The Scale-up route will allow individuals with a highly skilled job offer from a qualifying scale-up, to come to the UK and apply through a fast-track verification process. The Spring Budget 2021, initially stated that this route would be introduced in March 2022 under an ‘elite’ points based system. A ‘Scale-up’ must demonstrate at least a 20% annual average revenue or employment growth rate over a three year period, and have a minimum of 10 employees at the start of this period. The Autumn Budget stipulates that there will be a higher salary threshold of £33,000, which is higher than the £25,600 which ordinarily applies to Skilled Workers. Additionally, applicants will need to pass an English language proficiency requirement. It remains entirely unclear whether the fast-track will eliminate the need for ‘Scale-ups’ to go through the sponsor licence process.
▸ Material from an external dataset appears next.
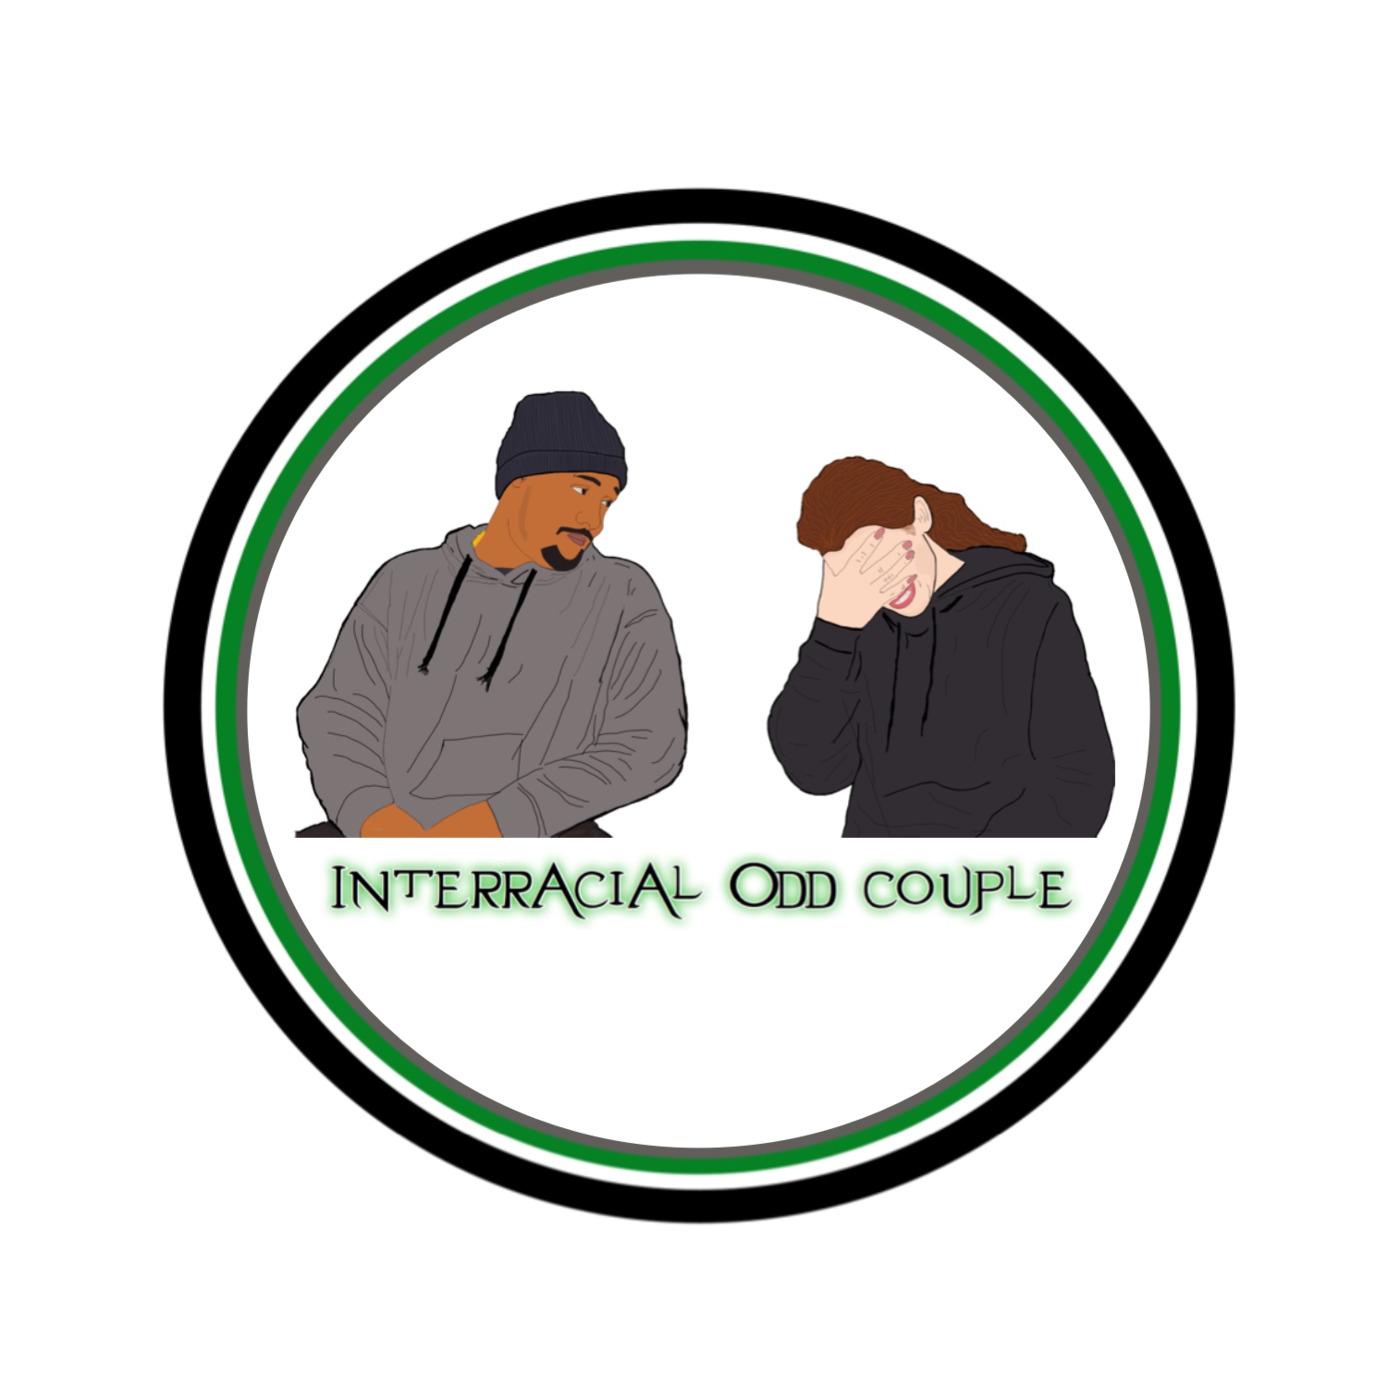 Interracial Odd Couple S03E1 - Pilot Cypha Omni Network podcast

As with Skilled Worker migrants, Scale-up migrants will be able to work, switch jobs, switch employers, extend, and settle in the UK if they meet the relevant requirements.
High Potential Individual Route
The High Potential Individual route will allow ‘internationally mobile individuals’ who have graduated from a ‘top global university’ to come to the UK. There is yet to be a list published of these universities, or any indication as to whether it will be limited to graduation in particular subject areas such as STEM subjects. Apparently, other characteristics of ‘high potential’ may also be added. Unlike the Skilled Worker or Scale-up routes, High Potential Individuals will not require a job offer and UK employers will not need a sponsor licence to employ these individuals. Nevertheless, they will be a route to settlement.
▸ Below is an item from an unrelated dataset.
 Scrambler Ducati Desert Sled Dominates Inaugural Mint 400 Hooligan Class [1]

Global Business Mobility Route
The Global Business Mobility route appears to amend the Intra Company Route, to consolidate it with the Representative of an Overseas Business route and some of the permitted activities of business visitors. This will accommodate expansion of overseas companies with no UK presence to send multiple workers to the UK; secondment of workers abroad to a UK business with whom they have a high value contract or investment; and to send employees, graduate trainees, and overseas employees to the UK entity of an overseas company. This new hybrid route will likely entail the use of the sponsor management system, which remains in dire need of reform to improve user experience and reduce delay.
The devil will be in the detail of these three routes, for which we await anxious publication of the Statement of Changes.
Global Talent Network
Additionally, the Global Talent Network will be launched in 2022 in the San Francisco Bay Area, Boston, and Bangalore. The network will work with businesses and research institutions to find and bring talented people to the UK to work in science and technology. This will run alongside DIT’s Global Entrepreneur Programme (which is an endorsing body for the Innovator route) to ‘bring an extra 100 innovative, highly skilled entrepreneurs to the UK each year’. All of this is done with the aim mentioned in the Chancellor of the Exchequer’s Financial Statement of making this country a science and technology ‘superpower’, with the Autumn Budget indicating these are to also encourage a ‘green industrial revolution’, inwards investment and economic growth.
Heavy Goods Vehicle (HGV) drivers
In passing, the budget notes the shortage of Heavy Goods Vehicle (HGV) drivers, which had fallen by 39,000 in the two-year period preceding June 2021. In terms of immigration, it notes that the government will issue ‘up to 5,000 short-term temporary visas for food and fuel haulage drivers to work in the UK’. This is 300 more than the figure listed on the Government’s website (published 7 October 2021) of 4,700 HGV food drivers who must apply by 1 December 2021, with temporary visas expiring on 28 February 2022, but matches the announcement on 28 September 2021 that ‘5,000 HGV drivers will be able to come to the UK for 3 months in the run-up to Christmas, providing short-term relief for the haulage industry’. In the face of shortages, no provision is made for increasing the number of drivers, or the length of these visas.